Were there any global substantial amendments to the protocol? Yes

26 May 2017

● Updated inclusion criteria to require specific prior standard therapies for tumor types in Part 1. ● Added exclusion criteria for patients with a history of non-infectious pneumonitis or interstitial lung disease (ILD). ● Added inclusion criteria to ensure that the enrollment of patients with DLBCL was limited to patients with no available therapies of proven clinical benefit. ● Provided case definitions for treatment-emergent immune-mediated ADRs in the protocol and guidance on assessment and management of immune-related AEs. ● Included specific criteria for continuing study treatment beyond RECIST-defined radiological progression. ● Updated risk-benefit section to indicate potential for overlapping toxicities of combination immunotherapies. ● Clarified that the primary efficacy analysis was based on RECIST v1.1 for solid tumors and Cheson et al 2014 for lymphoma and that irRC criteria were used only for decisions around treatment discontinuation due to disease progression.

29 Aug 2017

● Included Japanese patients via separate safety run-in part to evaluate safety and PK properties of NIR178 as a single agent prior to their participation in different parts of the study. ● Added Overall Response assessment by iRECIST as a secondary endpoint. ● irRC criteria was replaced by iRECIST criteria for guiding decisions regarding treatment duration and/or discontinuation due to disease progression. ● First dose reduction step from 160 mg (dose level -1) was changed from 80 mg to 120 mg BID after addition of a new NIR178 capsule strength (40 mg). ● On-treatment biopsy and blood sample collection timepoint was moved from C3D15 ± 15 days and C2D1, respectively, to C2D1 +15 days to account for patients who could not obtain biopsies in Cycle 3 due to early disease progression or early response.

02 Jul 2018

● Incorporated language requiring study treatment discontinuation in the event of Stevens-Johnson syndrome (SJS)/toxic epidermal necrolysis (TEN) in response to the occurrence of a case of Stevens Johnson Syndrome in the study. ● Criteria for dose reduction/interruption and re-initiation of treatment for ADRs were updated to include latest toxicity management guidelines per American Society of Clinical Oncology (ASCO), National comprehensive Cancer Network (NCCN) and European Society for Medical Oncology (ESMO).

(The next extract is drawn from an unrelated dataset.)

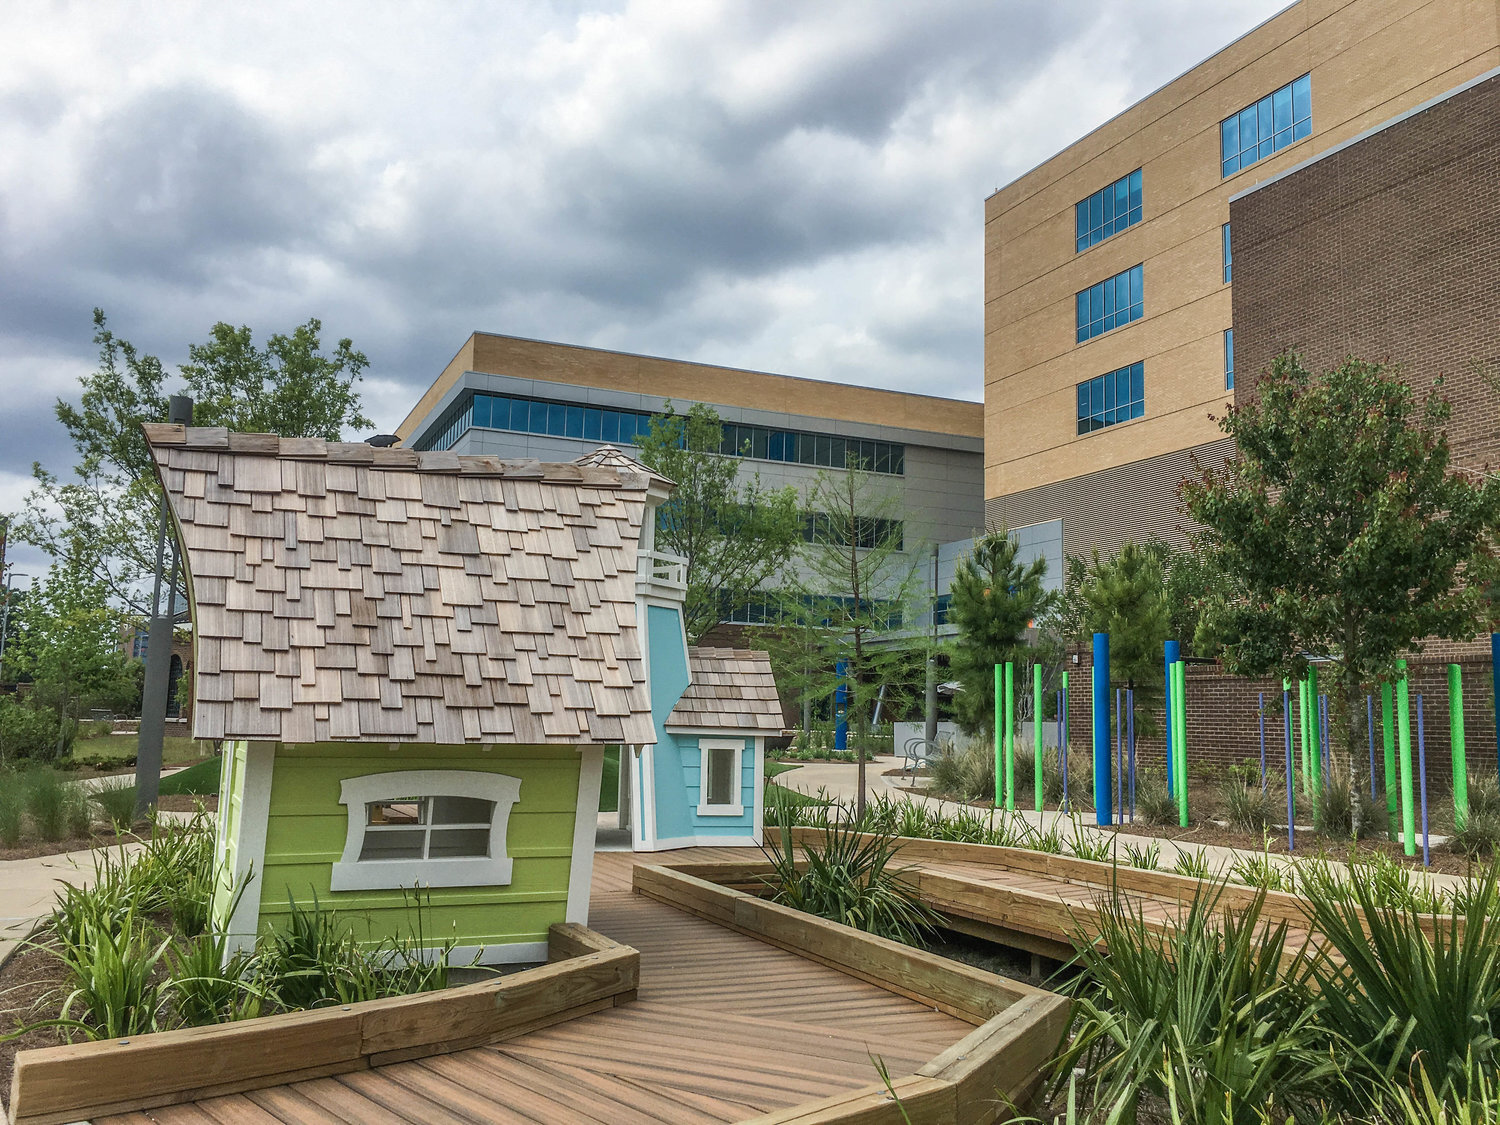 Our Lady of the Lake Children's Hospital Pavillion

Moreover, the AST and ALT exclusion criteria was revised to align with the updated toxicity management guidelines.

29 Oct 2018

● Updated the protocol eligibility criteria and related statistical analysis sections for selected Part 1 indications based on preliminary evidence of anti-tumor activity and changes to the standard of care: ● MSS CRC: In order to evaluate efficacy and safety in patients with different RAS genotypes, enrollment continued in two sub-groups (RAS wild-type & RAS mutant) based on locally available laboratory data. RAS status was collected, including for patients that were already enrolled. ● Head & Neck: Enrollment was restricted to squamous cell carcinoma of the head and neck (HNSCC) to create a more homogenous patient population. In addition, a new treatment group (IO-pretreated HNSCC) was added. ● Melanoma: Only cutaneous melanoma patients were to be enrolled. In addition, a new treatment group (IO-pretreated melanoma) was added, and the inclusion criteria was amended to require that BRAF V600 mutant patients be treated with prior BRAF V600 inhibitor therapy. ● Scan assessments post discontinuation of study treatment no longer collected once the patient started a new antineoplastic therapy. ● Added an optional biopsy for patients that continued study treatment beyond disease progression due to overall clinical benefit. ● Removed blood sample collection for the assessment of serum cytokines used for retrospective analysis of a cytokine release syndrome AE.

28 Nov 2019

● Increased the dose of NIR178 to 240 mg BID from 160 mg BID for all newly enrolled patients based on emerging data. ● Added two new treatment groups (mCRPC and IO-pretreated RCC) in Part 1. ● Design of Part 3 was modified to allow for further evaluation of one or two tumor groups (from Parts 1 and 2). ● Removed on-treatment plasma cfDNA biomarker sample collection and added an end of treatment cfDNA sample.

22 Oct 2020

● Opened Part 3 of the study to explore PDR001 + NIR178 in TNBC patients whose disease did not express PD-L1 IC=0 (<1%). ● Introduced a new film-coated tablet (FCT) formulation of NIR178 into Part 3 of the study. ● Reduced the ECG collection plan to safety monitoring levels. ● Amended the safety run-in to assess NIR178 240 mg BID in combination with PDR001 400 mg Q4W starting at Cycle 1 in Japanese patients. ● Revised the definition of end of study to include the option for patients deriving clinical benefit to transfer to another study or to an alternative treatment option. ● Added drug-induced liver injury (DILI), autoimmune hepatitis, and pneumonitis follow-up guidance based on a Health Authority request.

Were there any global interruptions to the trial? Yes

Date	Interruption	Restart date
20 Apr 2018	The FDA placed study CNIR178X2201 on partial clinical hold (no new enrolment) on 20-Apr-2018 due to safety concerns related to immune related skin toxicities. Novartis voluntarily extended the temporary recruitment hold to non-US countries for CNIR178X2201. Ongoing patients could continue to receive the study drug per protocol, as long as they re-consented to participate. The FDA lifted the hold on 22-Jun-2018 after updates were made to the protocol amendment, ICF, and IB.	22 Jun 2018
02 Nov 2021	Novartis communicated to investigators the decision to halt further recruitment in the CNIR178X2201 study for business reasons based on the review of available study data.	-

Limitations of the trial such as small numbers of subjects analysed or technical problems leading to unreliable data.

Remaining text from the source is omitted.